I came across this problem that asks you to implement a regular expression matcher with support for '.' and '*', where

'.' Matches any single character.

'*' Matches zero or more of the preceding element.

isMatch("aa","a") → false
isMatch("aa","aa") → true
isMatch("aaa","aa") → false
isMatch("aa", "a*") → true
isMatch("aa", ".*") → true
isMatch("ab", ".*") → true
isMatch("aab", "c*a*b") → true

While I was able to solve this in a linear fashion, I came across lots of solutions that used DP, like the one below,

class Solution {
    public boolean isMatch(String text, String pattern) {
        boolean[][] dp = new boolean[text.length() + 1][pattern.length() + 1];
        dp[text.length()][pattern.length()] = true;

        for (int i = text.length(); i >= 0; i--){
            for (int j = pattern.length() - 1; j >= 0; j--){
                boolean first_match = (i < text.length() && 
                                       (pattern.charAt(j) == text.charAt(i) ||
                                        pattern.charAt(j) == '.'));
                if (j + 1 < pattern.length() && pattern.charAt(j+1) == '*'){
                    dp[i][j] = dp[i][j+2] || first_match && dp[i+1][j];
                } else {
                    dp[i][j] = first_match && dp[i+1][j+1];
                }
            }
        }
        return dp[0][0];
    }
}

I'm having a hard time understanding this.
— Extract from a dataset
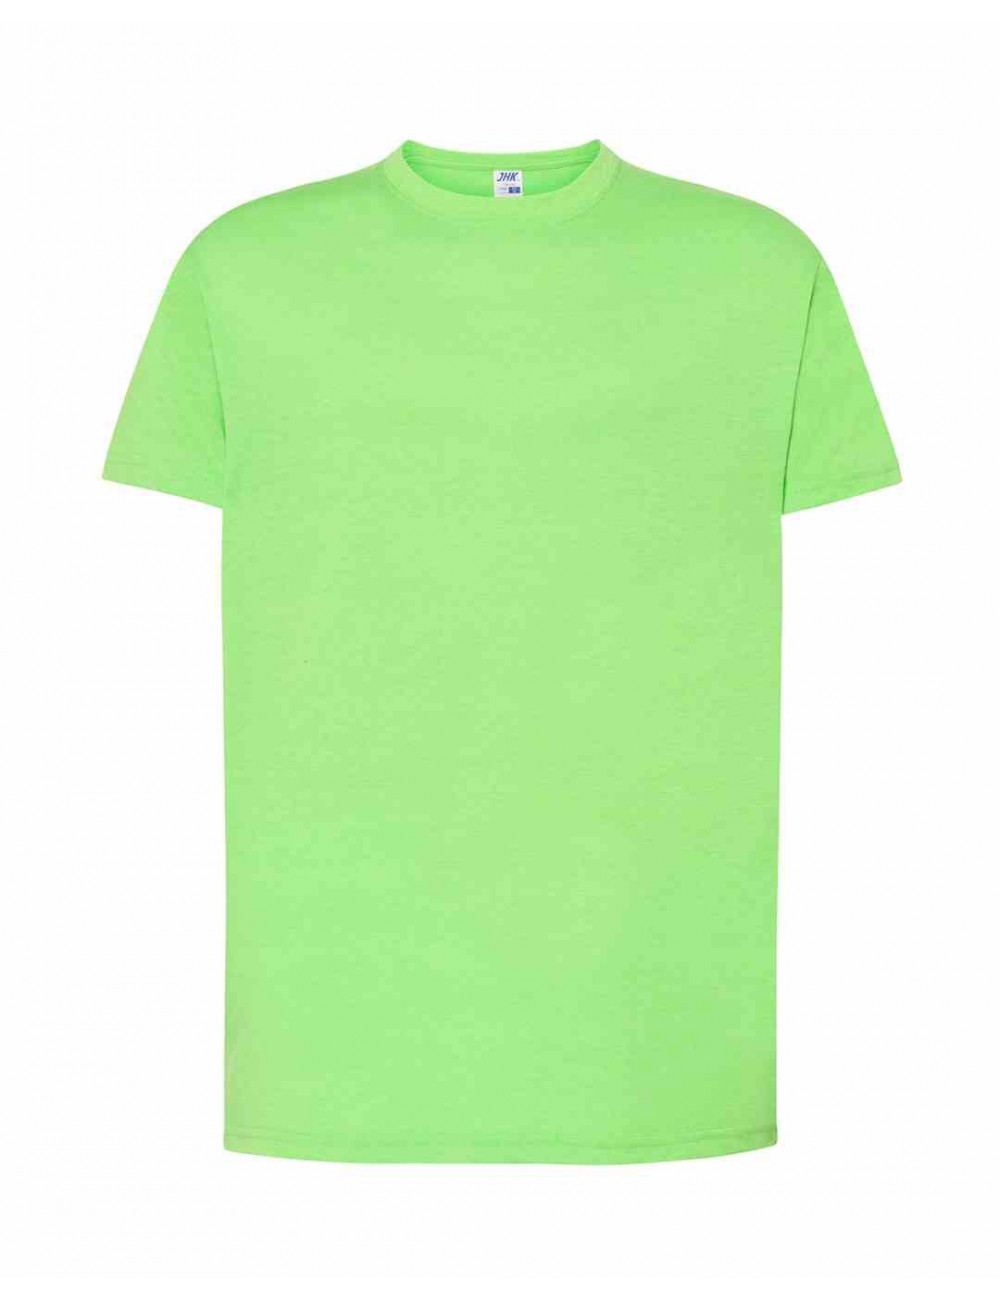 Koszulka męska tsra 150 regular t-shirt lmf - lime fluor Jhk

I've solved a few DP problems that involved grids (shortest path in 2d grid, largest square in binary 2d grid), using a DP table there made perfect sense to me. However here I'm completely lost, I'm unable to understand how traversing a 2d table helps in solving this problem. Further more it appears we know when the characters don't match in the loop, so I don't understand why we don't terminate the search there (this is also probably due to my lack of understanding of how a table traversal leads to a solution). Is there a clear intuitive explanation for problems like these?

Rnet
  • 111
  • 3
  • 1
    Some related questions, maybe even duplicates: https://cs.stackexchange.com/q/645/98, https://cs.stackexchange.com/q/47216/98, https://cs.stackexchange.com/q/2057/98. Tl;dr: don't think about the table; think about the recurrence underneath. Coding with a table is the simple part. – Raphael Mar 30 '18 at 10:55

1 Answers1

3

dp[i][j] represents whether text[i..] matches pattern[j..].

If pattern[j..] is starting with x* for some symbol x (including .), then text[i..] matches pattern[j..], or x*pattern[(j+2)..], if and only if

  • text[i..] matches pattern[(j+2)..] (i.e. x* matches an empty string), or

  • text[i] is x and text[(i+1)..] matches x*pattern[(j+2)..] (i.e. x* matches a non-empty string).

This is implemented by this part of code:

if (j + 1 < pattern.length() && pattern.charAt(j+1) == '*'){
    dp[i][j] = dp[i][j+2] || first_match && dp[i+1][j];
}

On the other hand, if pattern[j..] is not starting with x*, text[i..] matches pattern[j..] if and only if text[i] matches pattern[j] and text[(i+1)..] matches pattern[(j+1)..]. This is implemented by this part of code:

else {
    dp[i][j] = first_match && dp[i+1][j+1];
}
xskxzr
  • 7,455
  • 5
  • 23
  • 46